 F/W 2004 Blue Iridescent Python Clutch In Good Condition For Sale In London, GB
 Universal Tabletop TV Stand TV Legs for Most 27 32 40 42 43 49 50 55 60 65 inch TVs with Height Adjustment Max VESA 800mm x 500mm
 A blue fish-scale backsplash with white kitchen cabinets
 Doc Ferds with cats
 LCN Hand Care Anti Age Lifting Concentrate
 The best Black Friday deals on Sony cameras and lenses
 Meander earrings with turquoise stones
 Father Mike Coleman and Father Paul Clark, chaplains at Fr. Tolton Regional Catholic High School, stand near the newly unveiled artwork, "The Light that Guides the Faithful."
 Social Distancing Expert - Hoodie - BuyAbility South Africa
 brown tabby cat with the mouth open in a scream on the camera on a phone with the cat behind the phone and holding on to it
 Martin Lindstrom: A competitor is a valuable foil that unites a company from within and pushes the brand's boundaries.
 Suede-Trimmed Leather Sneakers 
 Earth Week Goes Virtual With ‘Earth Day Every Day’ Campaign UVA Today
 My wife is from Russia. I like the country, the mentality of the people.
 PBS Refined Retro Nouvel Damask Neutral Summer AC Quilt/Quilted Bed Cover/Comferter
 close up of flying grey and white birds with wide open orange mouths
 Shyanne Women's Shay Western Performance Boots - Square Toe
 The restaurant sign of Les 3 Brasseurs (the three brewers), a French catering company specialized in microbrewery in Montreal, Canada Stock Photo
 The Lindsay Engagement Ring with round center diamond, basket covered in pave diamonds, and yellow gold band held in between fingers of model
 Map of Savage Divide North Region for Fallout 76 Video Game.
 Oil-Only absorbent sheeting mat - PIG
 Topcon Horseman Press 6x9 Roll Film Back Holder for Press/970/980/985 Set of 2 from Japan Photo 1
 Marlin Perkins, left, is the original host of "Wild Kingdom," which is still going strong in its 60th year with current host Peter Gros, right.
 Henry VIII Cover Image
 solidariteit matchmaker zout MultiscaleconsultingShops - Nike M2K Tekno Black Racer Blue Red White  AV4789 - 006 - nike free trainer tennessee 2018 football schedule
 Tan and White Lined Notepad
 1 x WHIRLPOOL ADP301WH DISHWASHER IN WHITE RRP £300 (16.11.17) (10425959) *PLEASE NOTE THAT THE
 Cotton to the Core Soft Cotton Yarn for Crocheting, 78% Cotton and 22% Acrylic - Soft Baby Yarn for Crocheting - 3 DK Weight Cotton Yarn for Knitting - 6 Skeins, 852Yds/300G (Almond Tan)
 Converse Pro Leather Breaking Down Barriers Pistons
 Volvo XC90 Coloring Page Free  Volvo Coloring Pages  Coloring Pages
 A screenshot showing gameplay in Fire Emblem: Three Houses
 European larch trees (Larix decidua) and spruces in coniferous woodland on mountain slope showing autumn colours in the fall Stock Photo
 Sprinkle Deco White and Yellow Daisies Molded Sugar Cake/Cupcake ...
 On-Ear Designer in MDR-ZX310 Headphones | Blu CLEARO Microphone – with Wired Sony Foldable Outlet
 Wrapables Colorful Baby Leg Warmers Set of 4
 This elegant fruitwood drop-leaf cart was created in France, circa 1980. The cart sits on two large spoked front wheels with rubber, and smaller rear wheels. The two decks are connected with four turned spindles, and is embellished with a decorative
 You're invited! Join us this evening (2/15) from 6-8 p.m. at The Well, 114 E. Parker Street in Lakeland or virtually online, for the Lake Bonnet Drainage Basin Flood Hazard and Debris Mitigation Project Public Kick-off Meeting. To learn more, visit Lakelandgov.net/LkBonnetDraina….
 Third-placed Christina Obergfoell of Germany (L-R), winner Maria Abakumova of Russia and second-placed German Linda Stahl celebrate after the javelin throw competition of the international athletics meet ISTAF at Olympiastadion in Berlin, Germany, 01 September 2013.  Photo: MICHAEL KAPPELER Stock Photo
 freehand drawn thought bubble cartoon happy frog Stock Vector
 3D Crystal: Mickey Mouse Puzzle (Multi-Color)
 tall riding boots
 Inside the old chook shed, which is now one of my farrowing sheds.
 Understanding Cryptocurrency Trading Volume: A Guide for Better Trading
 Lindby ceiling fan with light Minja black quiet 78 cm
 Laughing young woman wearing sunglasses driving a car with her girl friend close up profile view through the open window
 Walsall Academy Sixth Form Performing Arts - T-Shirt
.....
# [Task brief]
State the number of lines in the data that contain the word "close", offering no other text.

# [Task response]
2